[Opening Records for the task section]

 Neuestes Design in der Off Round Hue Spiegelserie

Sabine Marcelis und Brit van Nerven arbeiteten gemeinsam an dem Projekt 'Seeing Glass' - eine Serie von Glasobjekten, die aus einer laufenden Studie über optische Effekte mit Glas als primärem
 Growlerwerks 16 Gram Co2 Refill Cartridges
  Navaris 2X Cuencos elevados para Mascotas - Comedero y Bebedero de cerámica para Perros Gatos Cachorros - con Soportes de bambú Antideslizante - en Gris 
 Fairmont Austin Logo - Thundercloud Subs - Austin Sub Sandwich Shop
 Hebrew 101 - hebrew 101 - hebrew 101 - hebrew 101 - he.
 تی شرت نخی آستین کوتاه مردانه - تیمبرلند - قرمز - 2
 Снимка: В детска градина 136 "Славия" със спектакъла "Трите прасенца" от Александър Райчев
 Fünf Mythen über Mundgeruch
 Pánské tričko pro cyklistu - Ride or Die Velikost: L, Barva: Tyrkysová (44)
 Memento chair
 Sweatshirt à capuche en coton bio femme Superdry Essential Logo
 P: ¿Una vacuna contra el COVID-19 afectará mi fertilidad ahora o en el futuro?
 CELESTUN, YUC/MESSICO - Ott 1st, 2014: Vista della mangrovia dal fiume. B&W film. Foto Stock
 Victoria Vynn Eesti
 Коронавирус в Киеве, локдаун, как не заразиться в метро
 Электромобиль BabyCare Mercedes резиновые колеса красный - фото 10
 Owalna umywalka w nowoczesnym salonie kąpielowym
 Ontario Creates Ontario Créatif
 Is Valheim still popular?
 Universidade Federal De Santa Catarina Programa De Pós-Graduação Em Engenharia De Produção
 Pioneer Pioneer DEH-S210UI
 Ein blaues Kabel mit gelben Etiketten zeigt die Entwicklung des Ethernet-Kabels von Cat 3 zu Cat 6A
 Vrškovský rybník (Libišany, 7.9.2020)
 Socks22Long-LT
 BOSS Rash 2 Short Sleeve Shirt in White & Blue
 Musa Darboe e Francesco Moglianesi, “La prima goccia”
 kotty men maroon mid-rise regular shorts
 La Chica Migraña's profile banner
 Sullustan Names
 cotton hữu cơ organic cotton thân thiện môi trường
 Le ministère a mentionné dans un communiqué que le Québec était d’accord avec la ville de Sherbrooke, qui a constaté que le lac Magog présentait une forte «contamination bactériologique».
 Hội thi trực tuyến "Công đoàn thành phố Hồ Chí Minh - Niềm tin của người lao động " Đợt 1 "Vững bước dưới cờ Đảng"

[Closing Records for the task section]

→ **What the exercise asks**
Could you retype the whole listing above without altering a word?

→ **Result of this exercise**
 Neuestes Design in der Off Round Hue Spiegelserie

Sabine Marcelis und Brit van Nerven arbeiteten gemeinsam an dem Projekt 'Seeing Glass' - eine Serie von Glasobjekten, die aus einer laufenden Studie über optische Effekte mit Glas als primärem
 Growlerwerks 16 Gram Co2 Refill Cartridges
  Navaris 2X Cuencos elevados para Mascotas - Comedero y Bebedero de cerámica para Perros Gatos Cachorros - con Soportes de bambú Antideslizante - en Gris 
 Fairmont Austin Logo - Thundercloud Subs - Austin Sub Sandwich Shop
 Hebrew 101 - hebrew 101 - hebrew 101 - hebrew 101 - he.
 تی شرت نخی آستین کوتاه مردانه - تیمبرلند - قرمز - 2
 Снимка: В детска градина 136 "Славия" със спектакъла "Трите прасенца" от Александър Райчев
 Fünf Mythen über Mundgeruch
 Pánské tričko pro cyklistu - Ride or Die Velikost: L, Barva: Tyrkysová (44)
 Memento chair
 Sweatshirt à capuche en coton bio femme Superdry Essential Logo
 P: ¿Una vacuna contra el COVID-19 afectará mi fertilidad ahora o en el futuro?
 CELESTUN, YUC/MESSICO - Ott 1st, 2014: Vista della mangrovia dal fiume. B&W film. Foto Stock
 Victoria Vynn Eesti
 Коронавирус в Киеве, локдаун, как не заразиться в метро
 Электромобиль BabyCare Mercedes резиновые колеса красный - фото 10
 Owalna umywalka w nowoczesnym salonie kąpielowym
 Ontario Creates Ontario Créatif
 Is Valheim still popular?
 Universidade Federal De Santa Catarina Programa De Pós-Graduação Em Engenharia De Produção
 Pioneer Pioneer DEH-S210UI
 Ein blaues Kabel mit gelben Etiketten zeigt die Entwicklung des Ethernet-Kabels von Cat 3 zu Cat 6A
 Vrškovský rybník (Libišany, 7.9.2020)
 Socks22Long-LT
 BOSS Rash 2 Short Sleeve Shirt in White & Blue
 Musa Darboe e Francesco Moglianesi, “La prima goccia”
 kotty men maroon mid-rise regular shorts
 La Chica Migraña's profile banner
 Sullustan Names
 cotton hữu cơ organic cotton thân thiện môi trường
 Le ministère a mentionné dans un communiqué que le Québec était d’accord avec la ville de Sherbrooke, qui a constaté que le lac Magog présentait une forte «contamination bactériologique».
 Hội thi trực tuyến "Công đoàn thành phố Hồ Chí Minh - Niềm tin của người lao động " Đợt 1 "Vững bước dưới cờ Đảng"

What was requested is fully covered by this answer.